Return: tuple (time of E-step, time of M-step, statistic_theta). statistic_theta is a statistic estimated from sampled topic indicators \({z}^{1,...,S}\). It plays a similar role with \(\gamma\) in VB
  • learn_model (save_model_every=0, compute_sparsity_every=0, save_statistic=False, save_top_words_every=0, num_top_words=10, model_folder=None, save_topic_proportions=None)

    This used for learning model and to save model, statistics of model.

    Parameters:

    • save_model_every: int, default: 0. If it is set to 2, it means at iterators: 0, 2, 4, 6, …, model will is save into a file. If setting default, model won’t be saved.
    • compute_sparsity_every: int, default: 0. Compute sparsity and store in attribute statistics. The word “every” here means as same as save_model_every
    • save_statistic: boolean, default: False. Saving statistics or not. The statistics here is the time of E-step, time of M-step, sparsity of document in corpus
    • save_top_words_every: int, default: 0. Used for saving top words of topics (highest probability). Number words displayed is num_top_words parameter.
    • num_top_words: int, default: 20. By default, the number of words displayed is 10.
    • model_folder: string, default: None. The place which model file, statistics file are saved.
    • save_topic_proportions: string, default: None. This used to save topic proportions \(\theta\) of each document in training corpus. The value of it is path of file .h5

    Return: the learned model (object of class LdaModel)

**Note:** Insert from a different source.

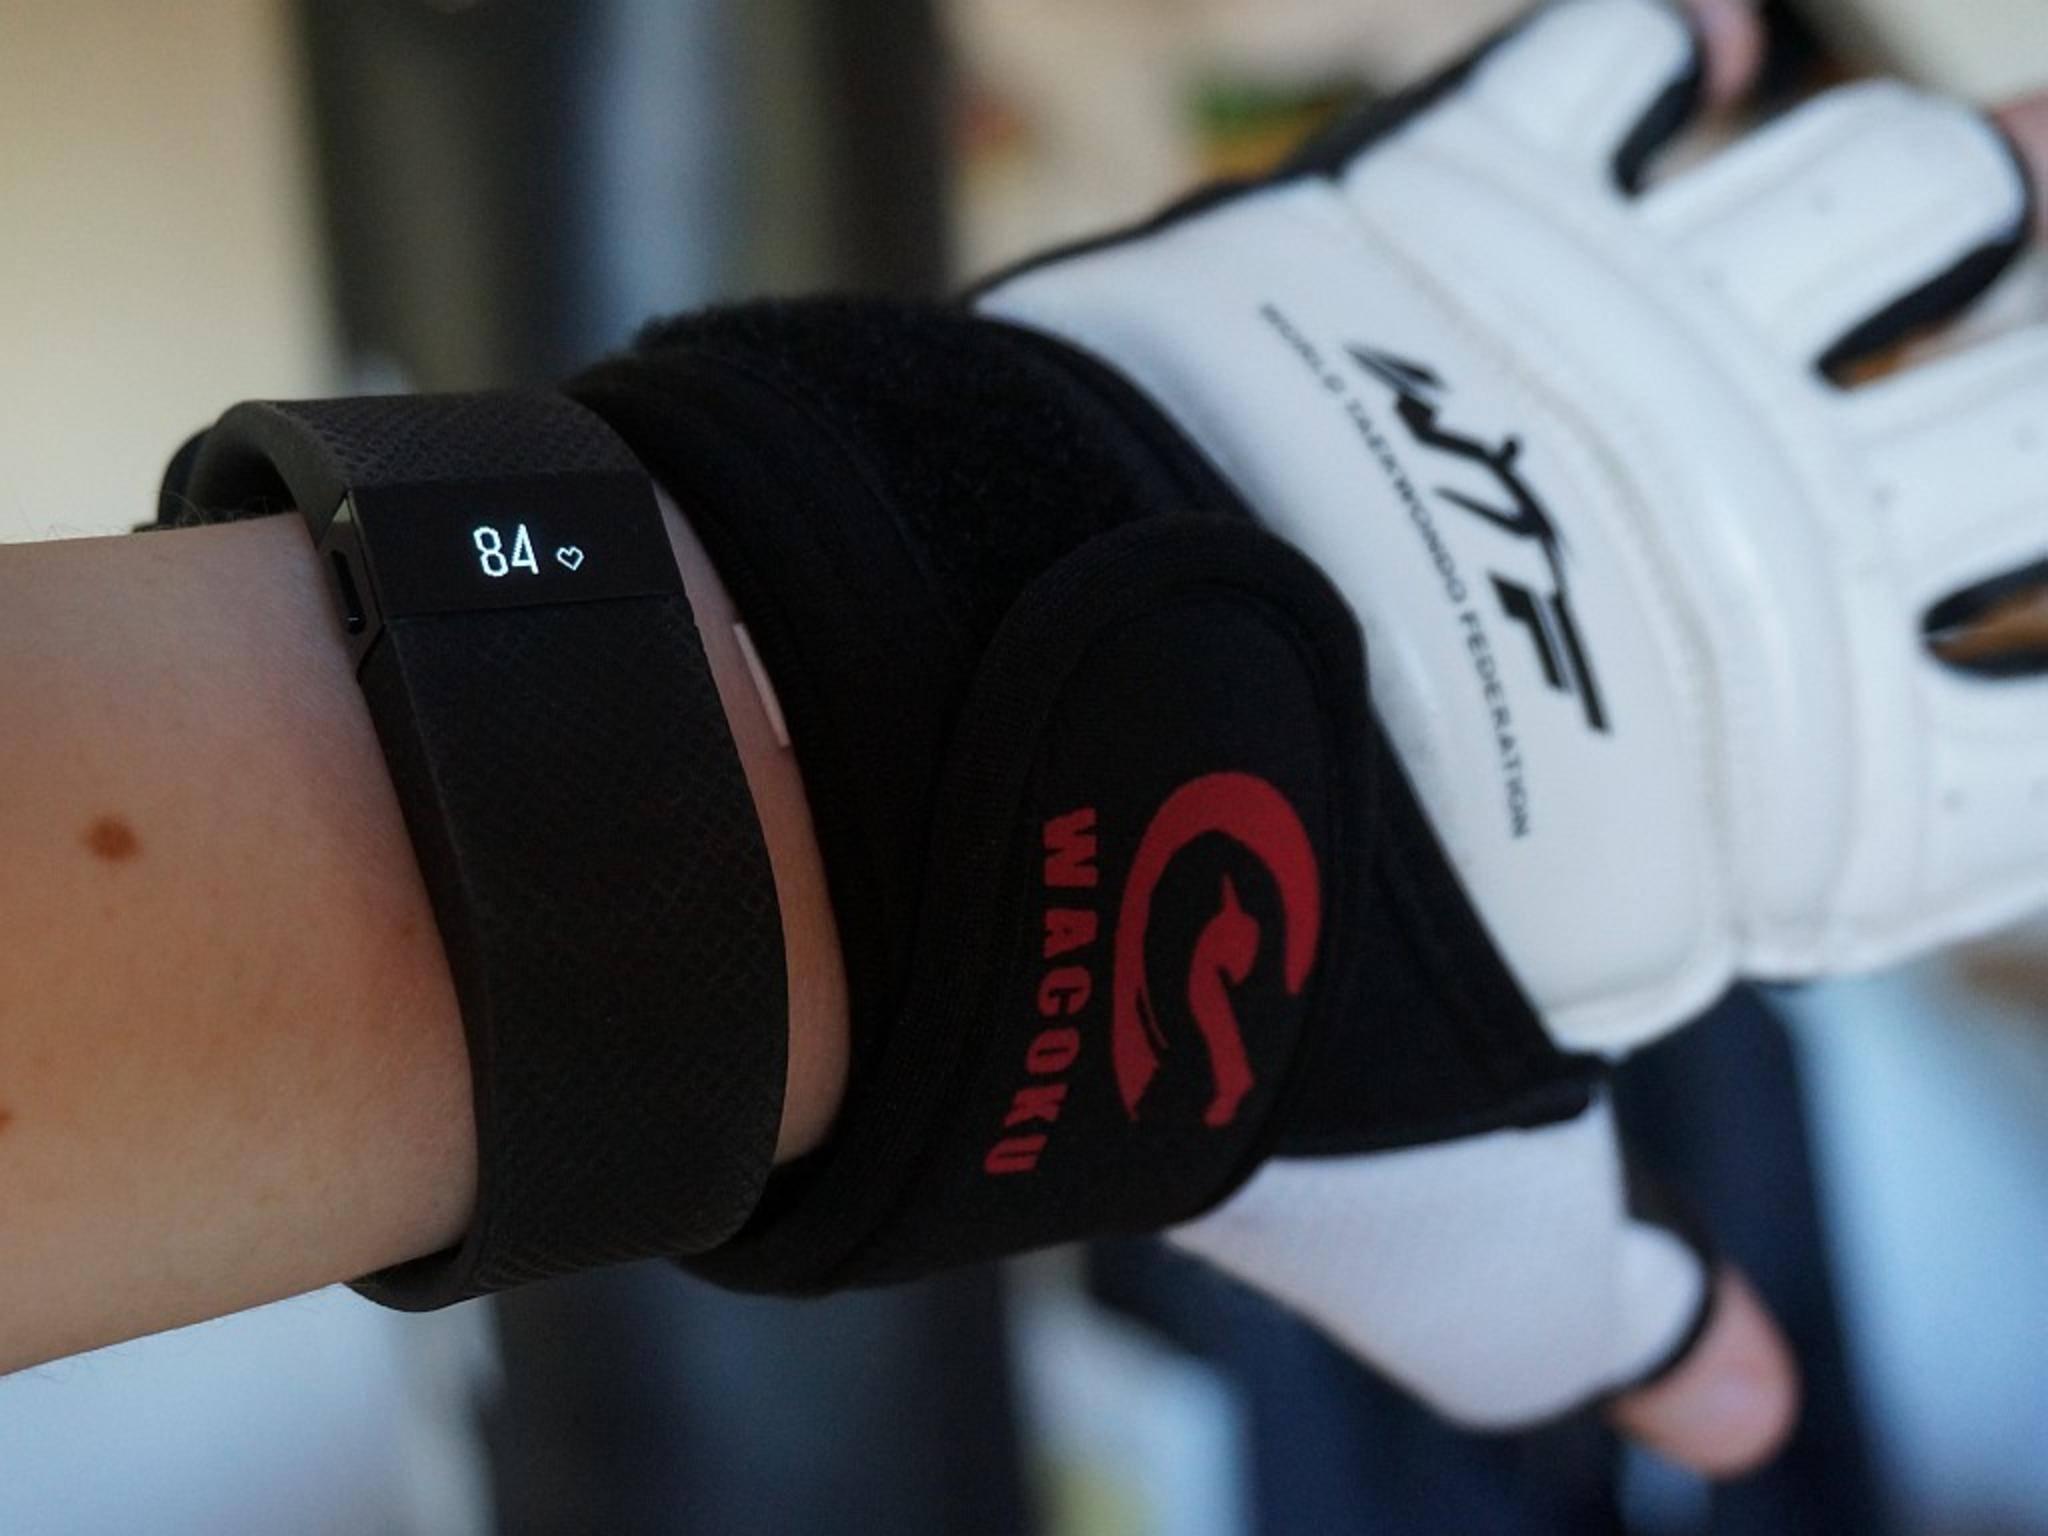 Der Fitbit Charge HR-Tracker kann beispielsweise auch Deine Herzfrequenz messen.

  • infer_new_docs (new_corpus)

    This used to do inference for new documents. new_corpus is object Corpus. This method return a statistic which used for estimating topic proportions \(\theta\)

Example

from tmlib.lda import OnlineCGS
from tmlib.datasets import DataSet

# data preparation
data = DataSet(data_path='data/ap_train_raw.txt', batch_size=100, passes=5, shuffle_every=2)
# learning and save the model, statistics in folder 'models-online-cgs'
onl_cgs = OnlineCGS(data=data, num_topics=20, alpha=0.2)
model = onl_cgs.learn_model(save_model_every=1, compute_sparsity_every=1, save_statistic=True, save_top_words_every=1, num_top_words=10, model_folder='models-online-cgs')


# inference for new documents
vocab_file = data.vocab_file
# create object ``Corpus`` to store new documents
new_corpus = data.load_new_documents('data/ap_infer_raw.txt', vocab_file=vocab_file)
statistic_theta = onl_cgs.infer_new_docs(new_corpus)
[1]
  1. Griffiths and M. Steyvers, “Finding scientific topics,” Proceedings of the National Academy of Sciences of the United States of America, vol.101, no. Suppl 1, p. 5228, 2004.
[2](1, 2)
  1. Mimno, M. D. Hoffman, and D. M. Blei, “Sparse stochastic inference for latent dirichlet allocation,” in Proceedings of the 29th Annual International Conference on Machine Learning, 2012.